The safest approach is to compute (matrix + scalar), or compute with matrices of the same size

but sometimes it can be useful for creating a grid

In [None]:
a = np.arange(3)
print(a)
a.shape

In [None]:
a[:, np.newaxis].shape

In [None]:
# Plotting a two-dimensional function

# x and y have 50 steps from 0 to 5
x = np.linspace(0, 5, 50)
y = np.linspace(0, 5, 50)[:, np.newaxis]

z = np.sin(x) ** 10 + np.cos(10 + y * x) * np.cos(x)

z.shape

In [None]:
plt.imshow(z, origin='lower', extent=[0, 5, 0, 5],
           cmap='viridis')
plt.colorbar();

## Mandelbrot

We construct the Mandelbrot set, i.e. all the black points shown above. The set is calculated as follows:

Given a complex number z, make a copy of the number (call it c), and then perform the following operation recursively:

$$z = z^2 + c$$

If we repeat this an infinite number of times (not very practical!), the result will either blow up or shrink to nothing. All the points whose magnitudes go to infinity are part of the Mandelbrot set.

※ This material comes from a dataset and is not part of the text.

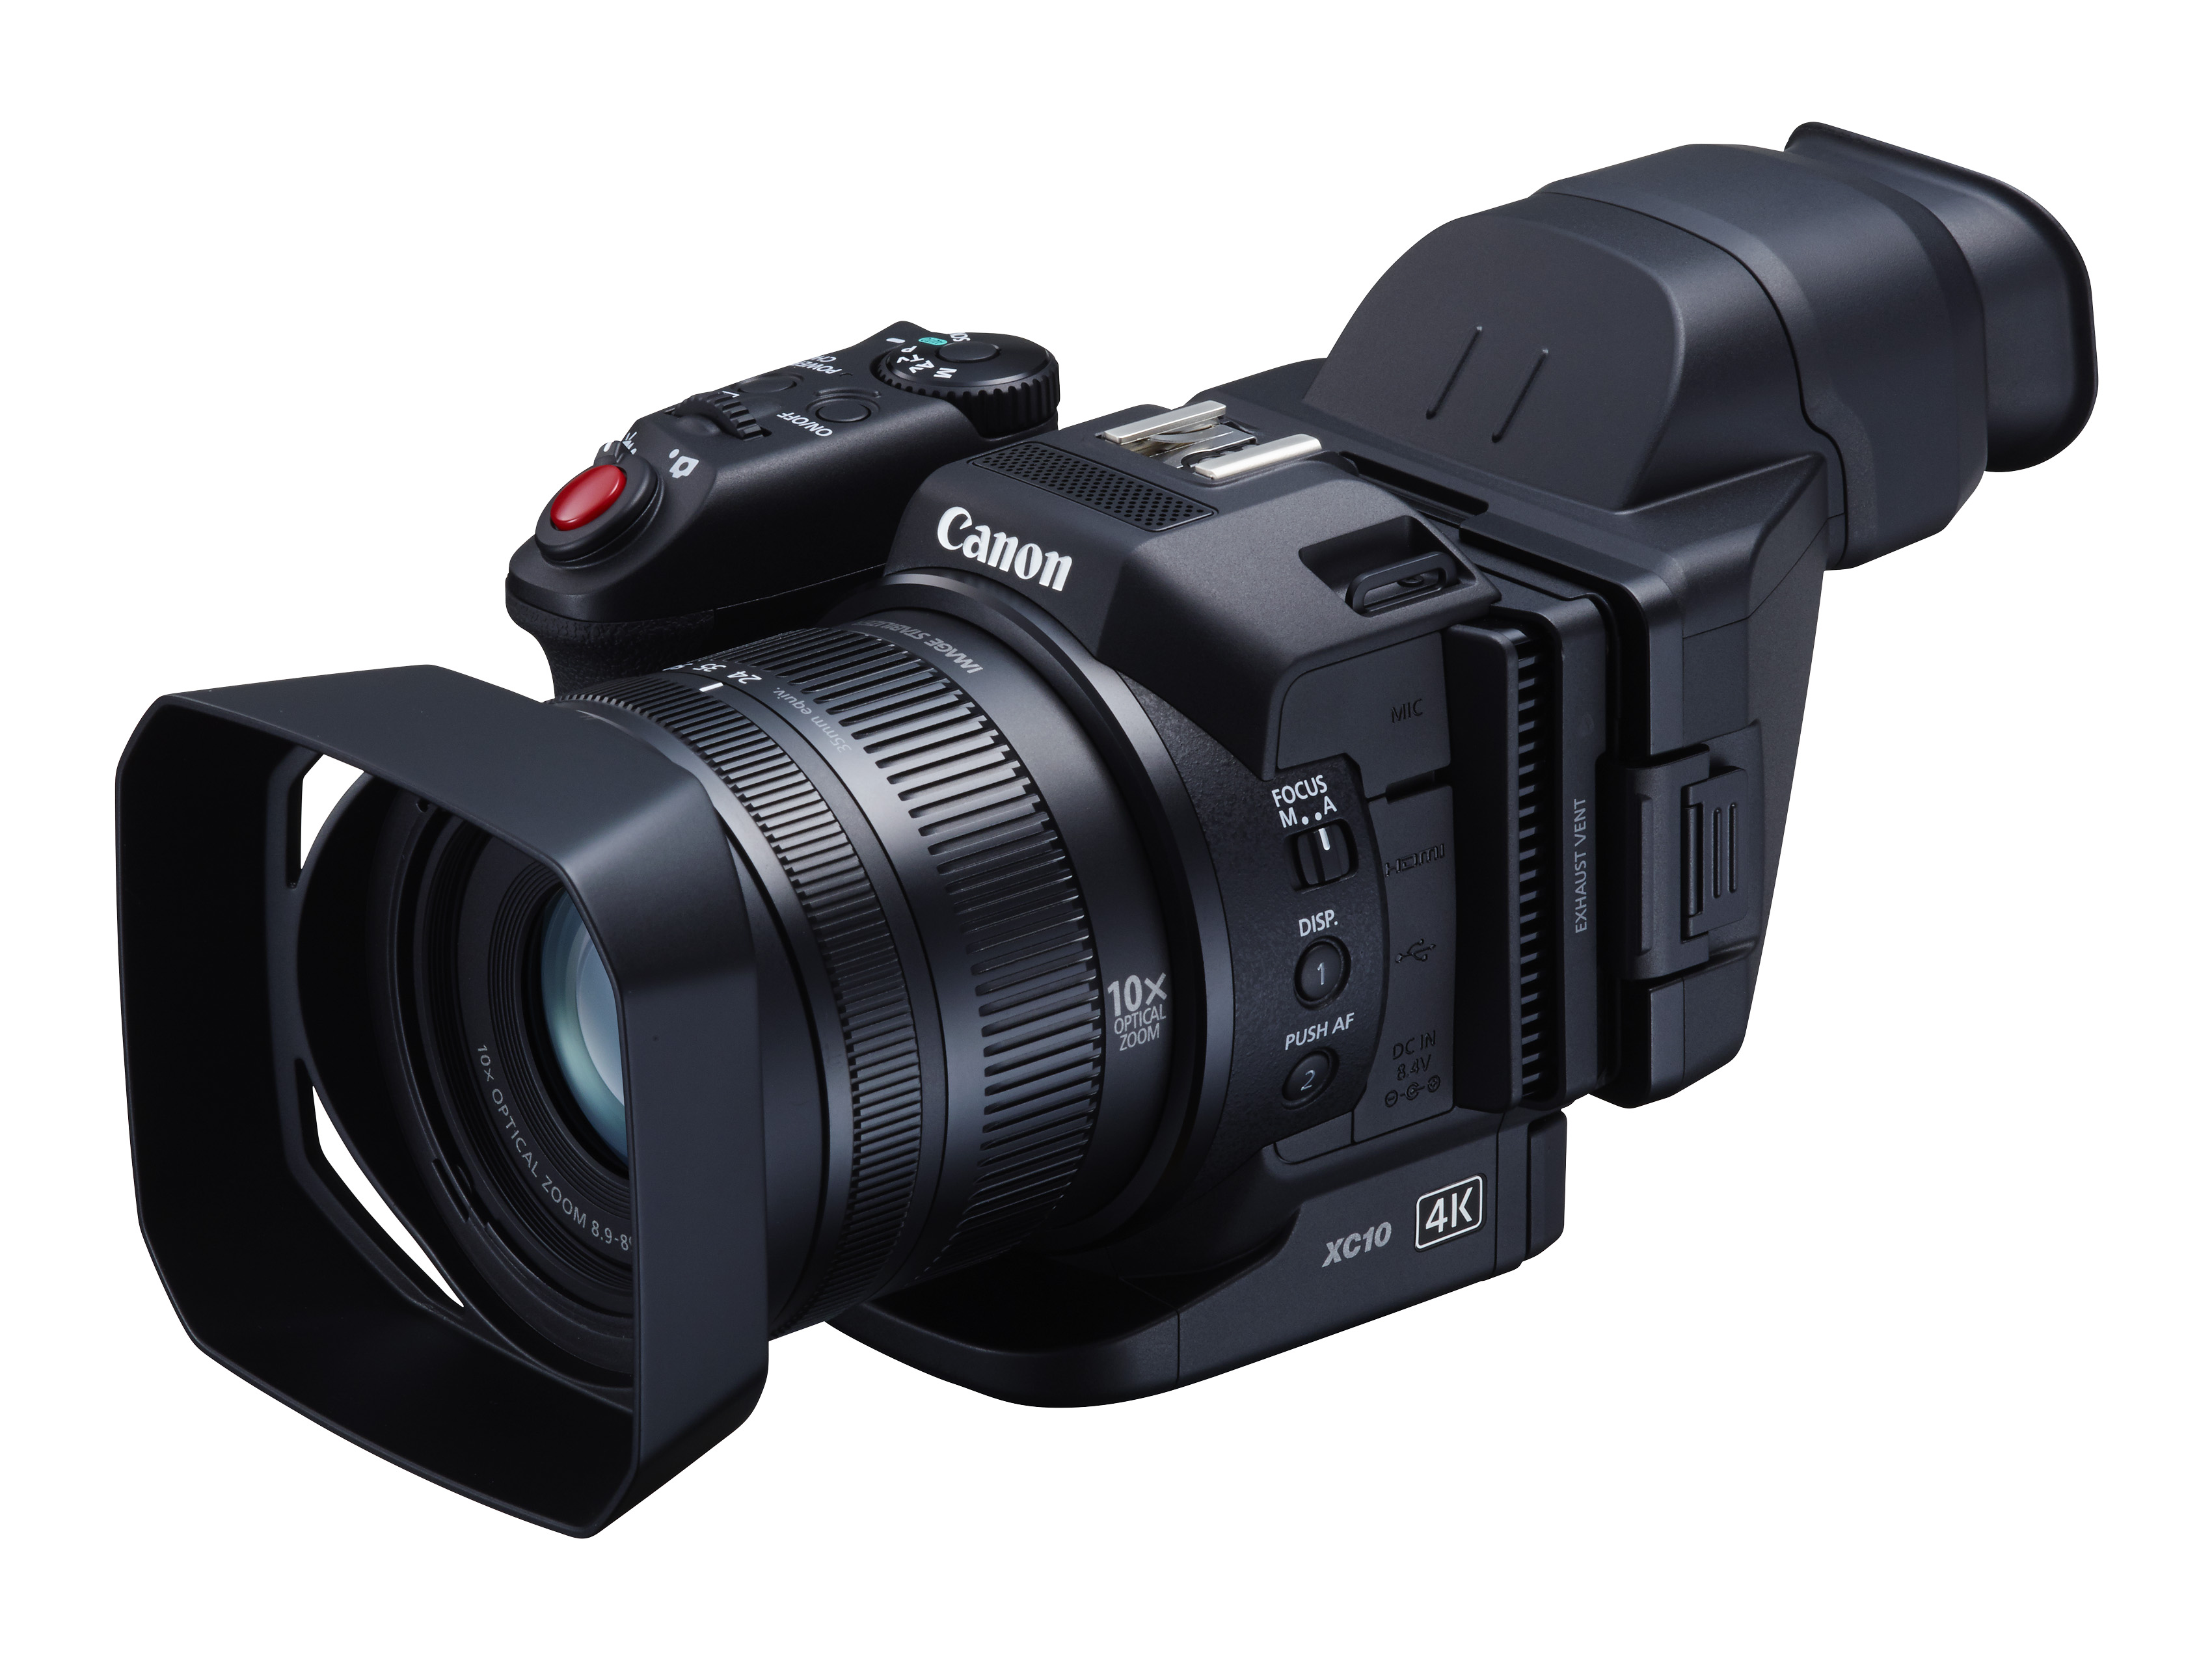 The Canon XC10 is a Price-Friendly 4K/1080p60 Camcorder & 12 Megapixel Still Camera
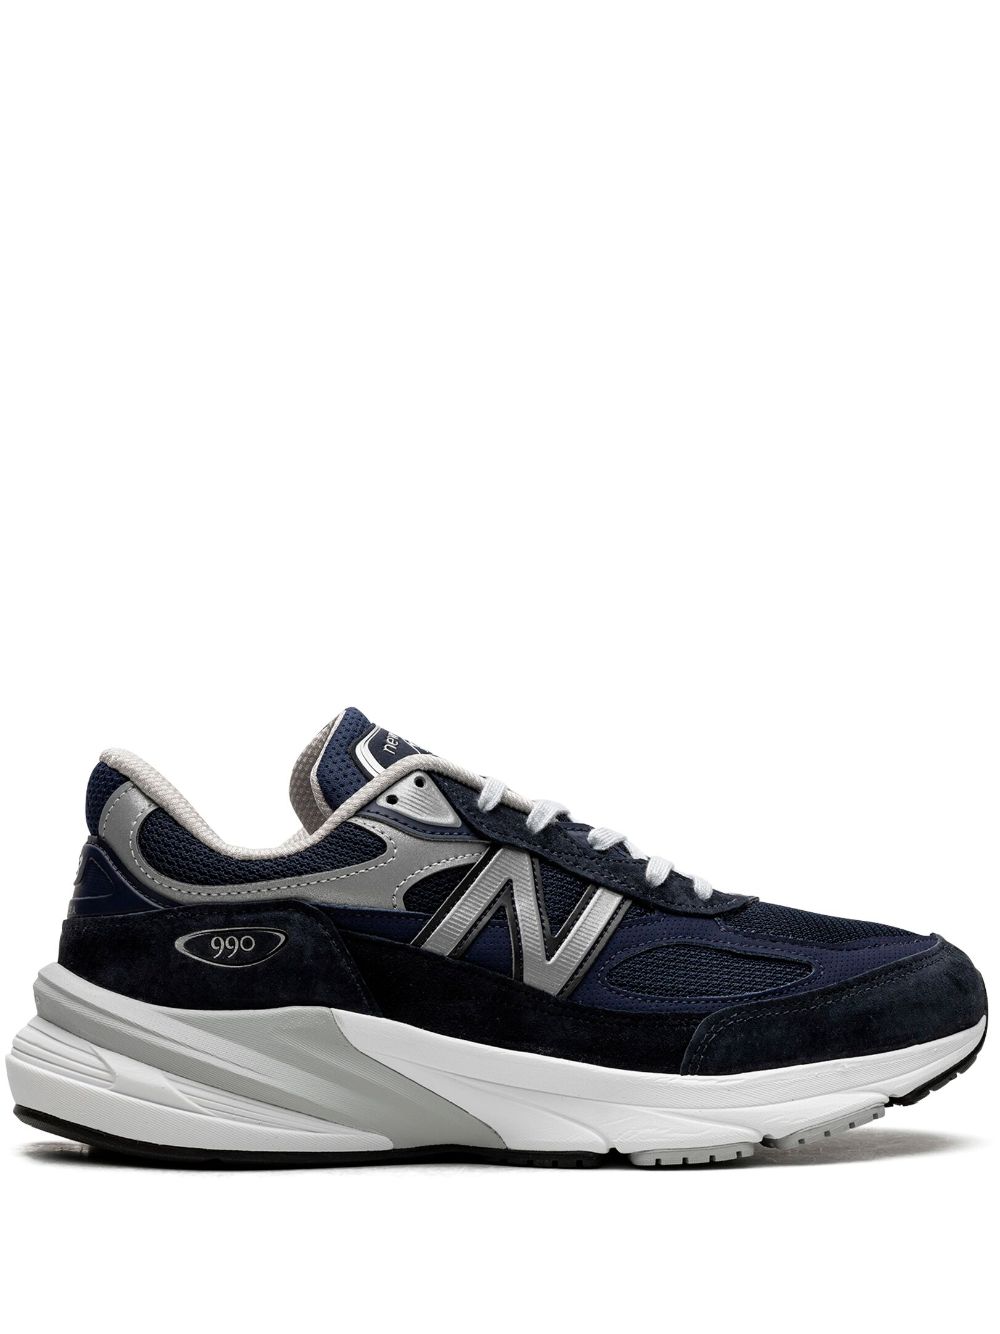 New Balance 990v6 "Navy" leather sneakers - Blue

We clearly cannot compute an infinite number of iterations, so we make a compromise. We say that any point z which, after 100 iterations, has a magnitude of greater than 10, belongs to the Mandelbrot set.



In [None]:

re = np.linspace(-2, 1, 1000)
im = np.linspace(-1.5, 1.5, 1000)

x, y = np.meshgrid(re, im)

In [None]:
np.meshgrid( np.array([1,2,3]) , np.array([1,2]) )

In [None]:
z = x + 1j*y
z.shape

In [None]:
fractal = np.zeros(z.shape)

In [None]:
ITERATIONS = 50
DENSITY = 200

x_min, x_max = -2, 1
y_min, y_max = -1.5, 1.5

x, y = np.meshgrid(np.linspace(x_min, x_max, DENSITY),
                   np.linspace(y_min, y_max, DENSITY))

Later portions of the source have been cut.